**Information shown**
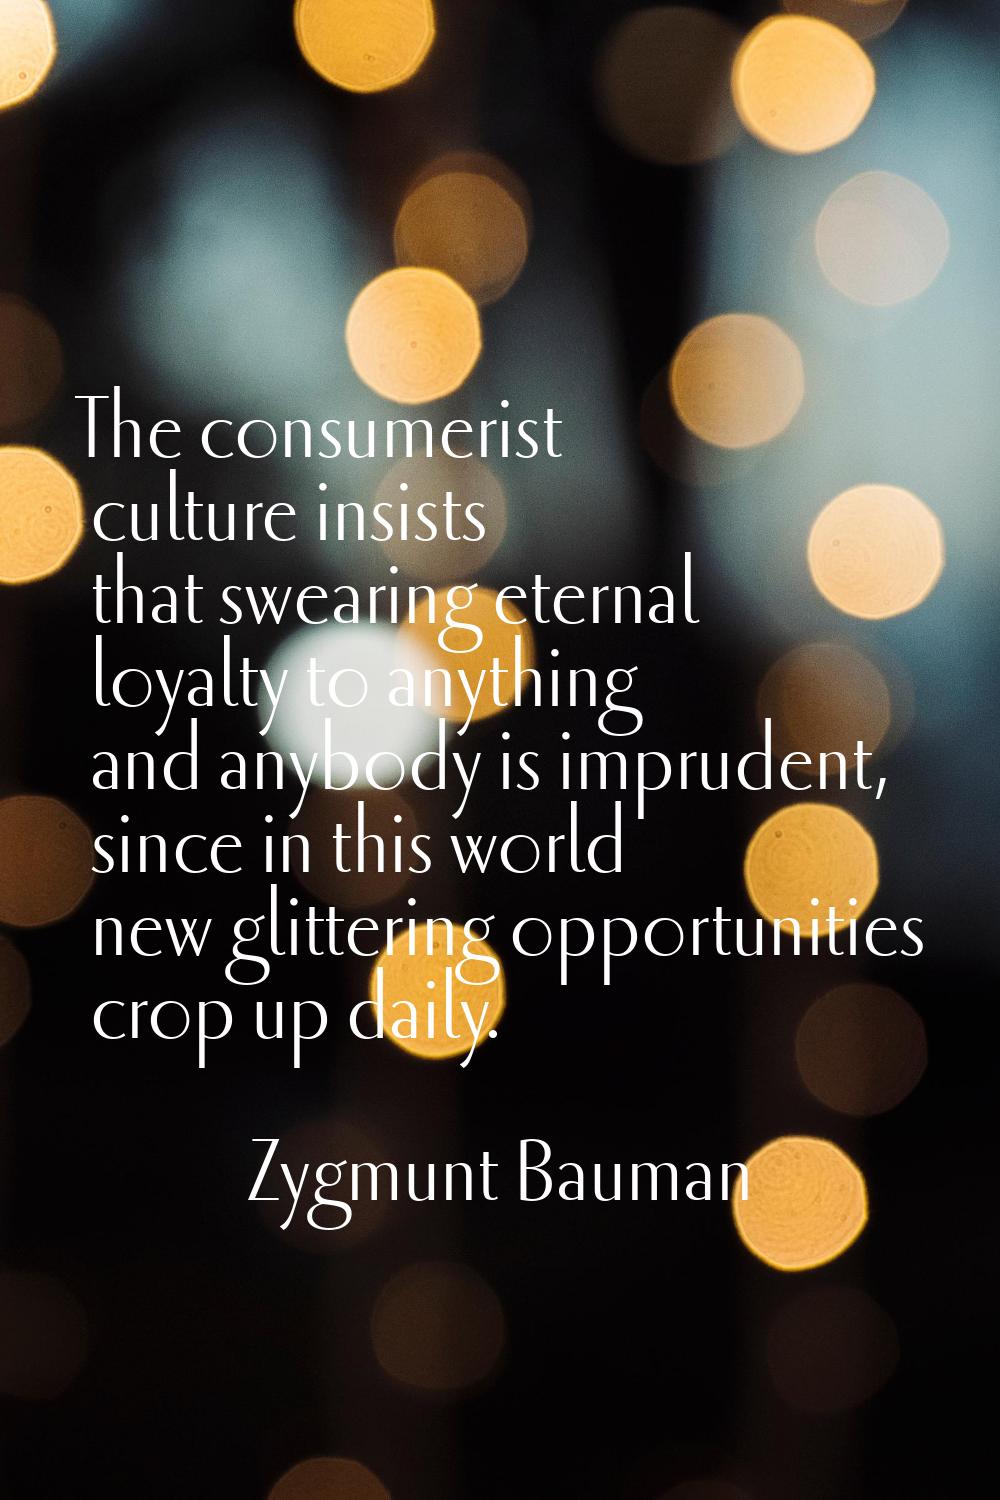 The consumerist culture insists that swearing eternal loyalty to anything and anybody is imprudent,
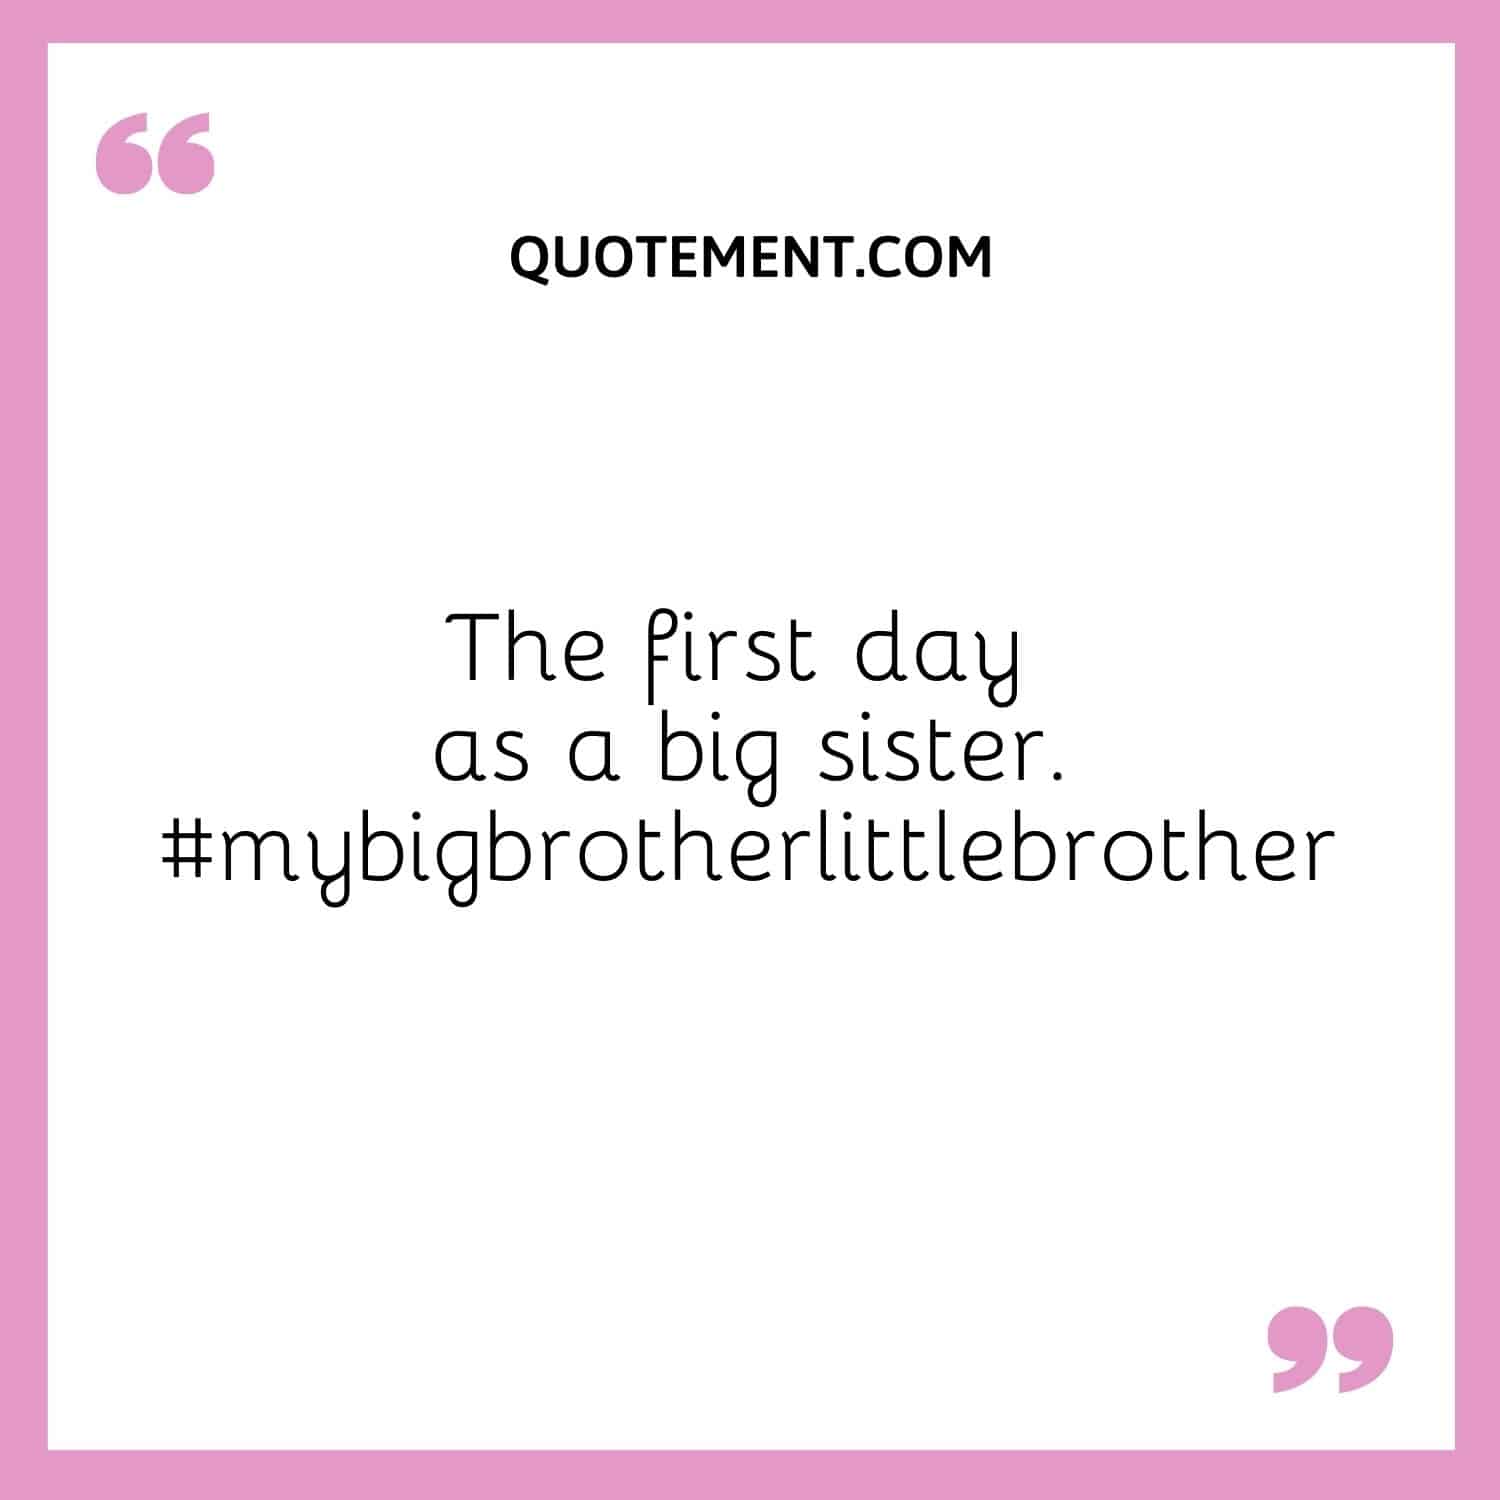 The first day as a big sister.
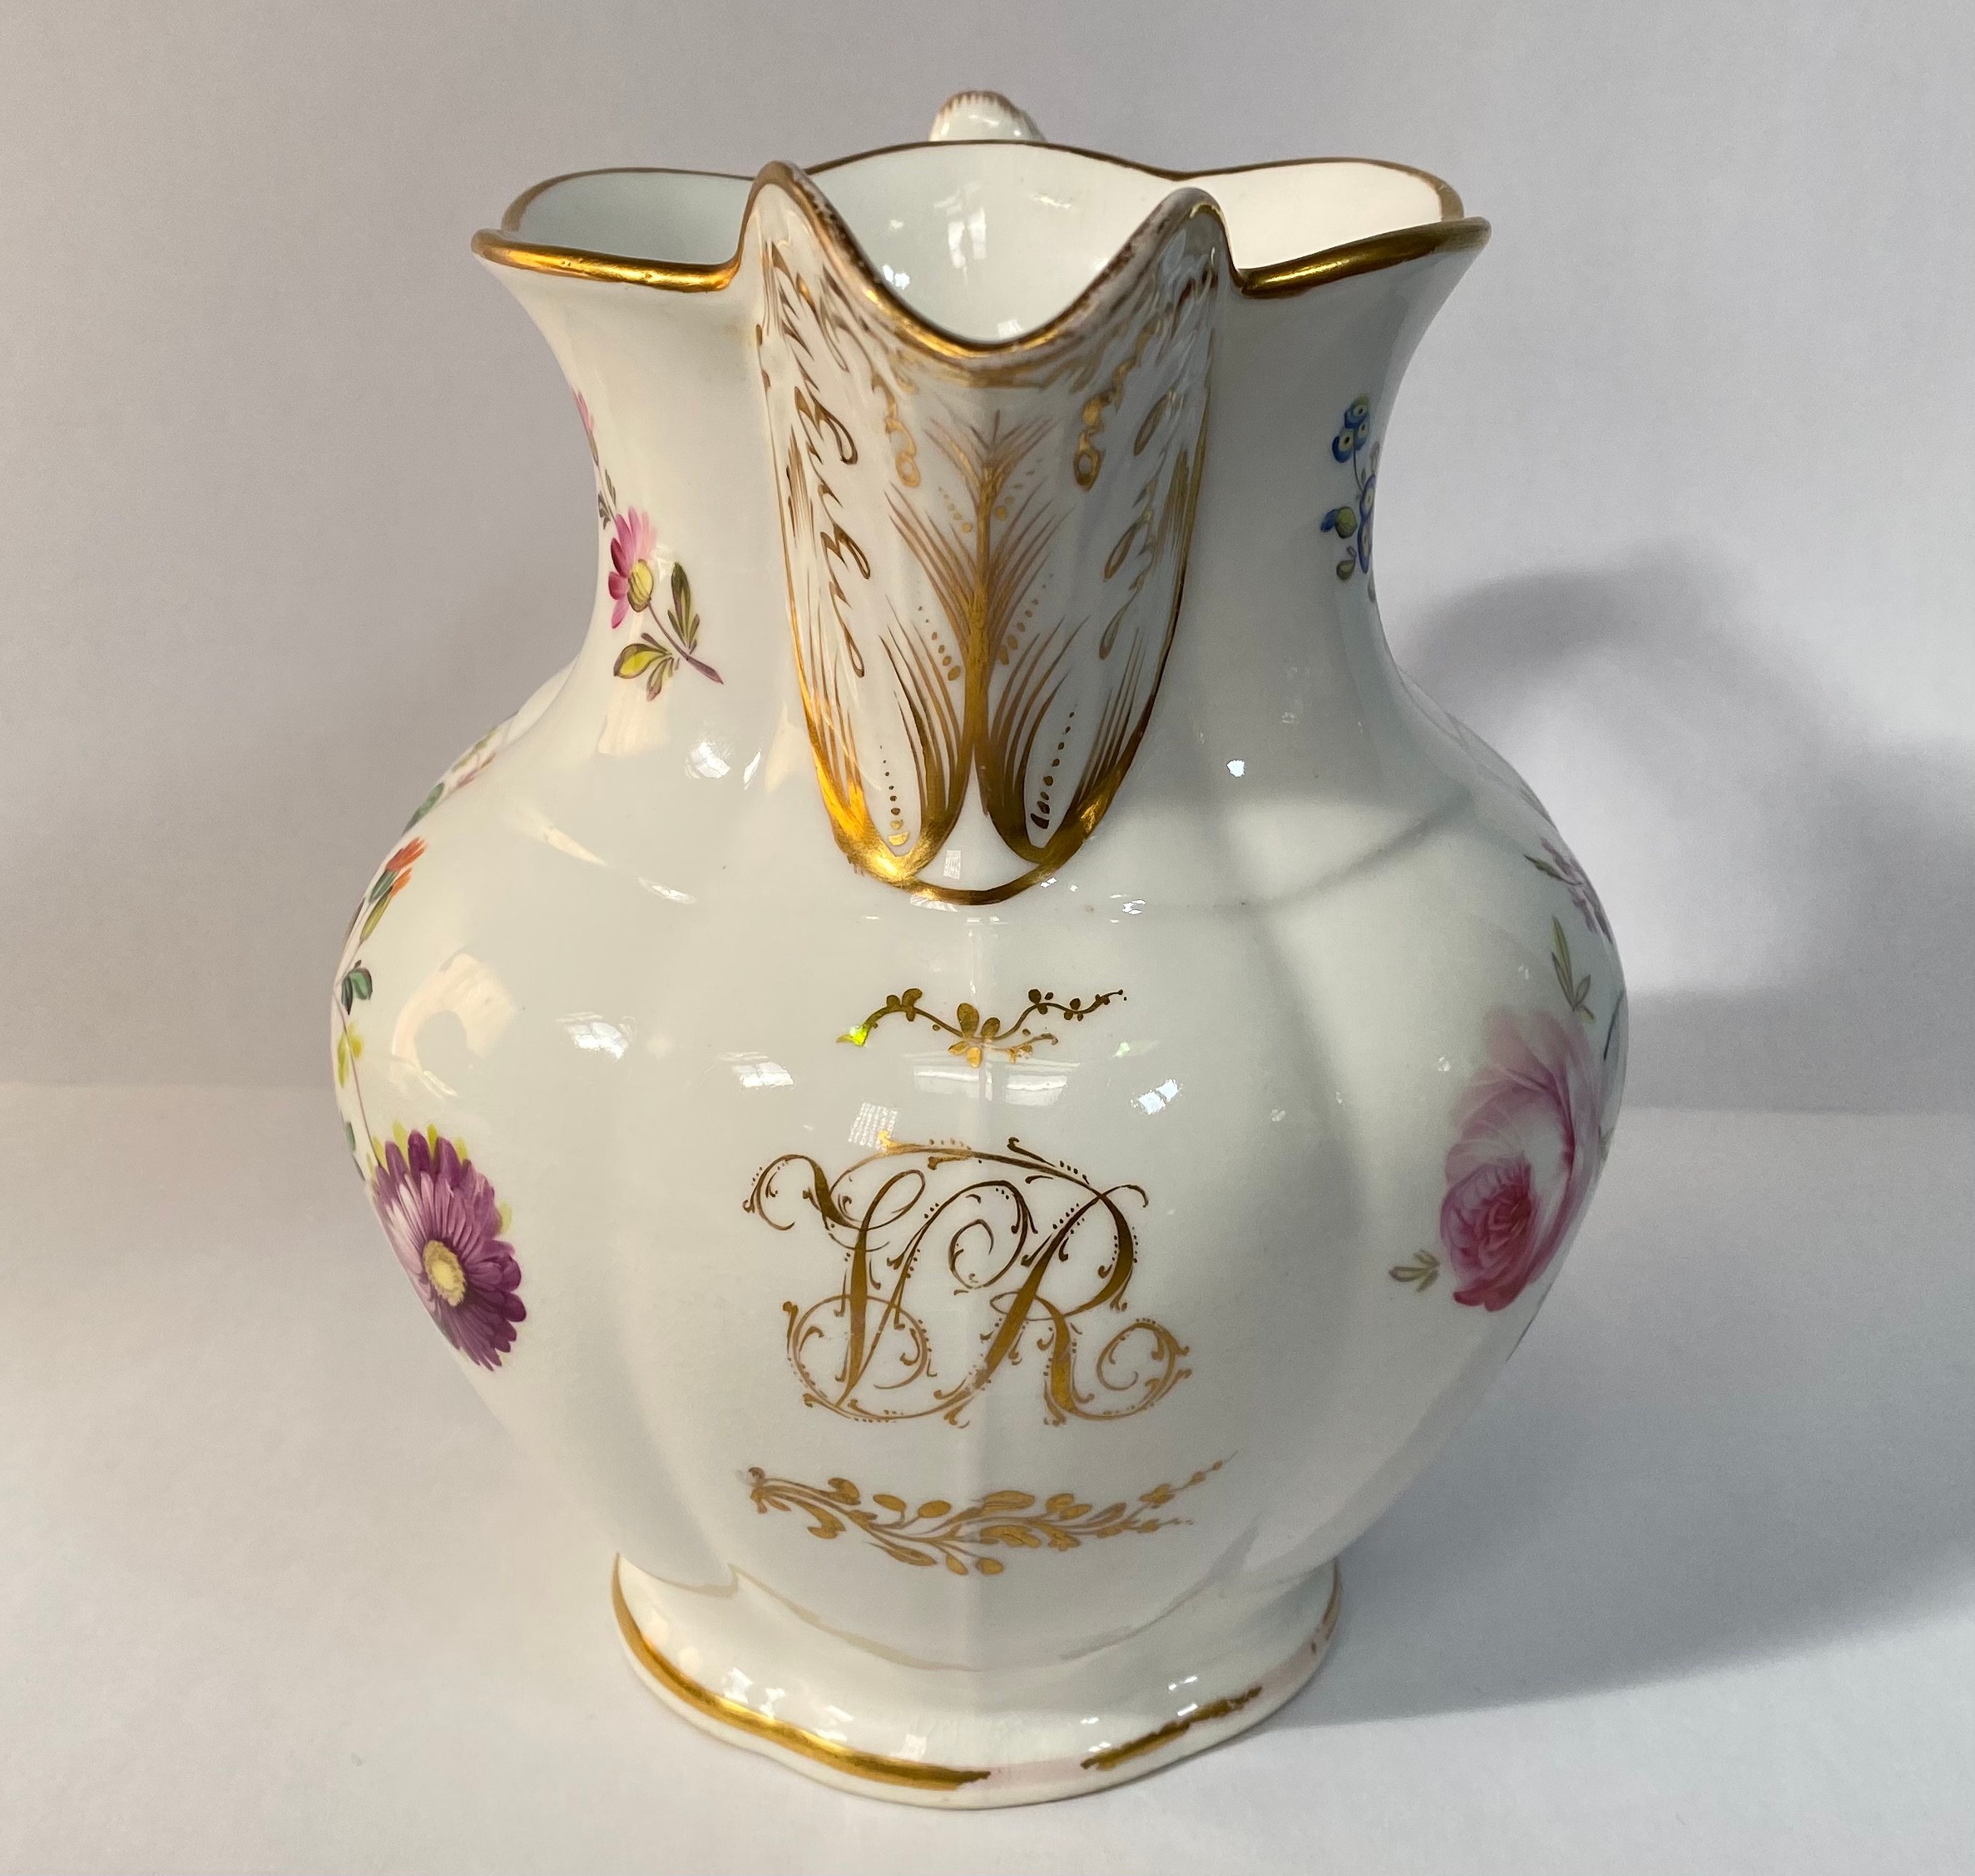 A 19th century porcelain jug, painted with flowers and with a gilt monogram 'VR', 19cm high, - Image 3 of 6

**Activity**
Your output should be the lines from the line containing "The first day as a big sister." through the last line of the listing above, restated exactly, with no pictures among them.

**Task result**
 The first day as a big sister.
 A 19th century porcelain jug, painted with flowers and with a gilt monogram 'VR', 19cm high, - Image 3 of 6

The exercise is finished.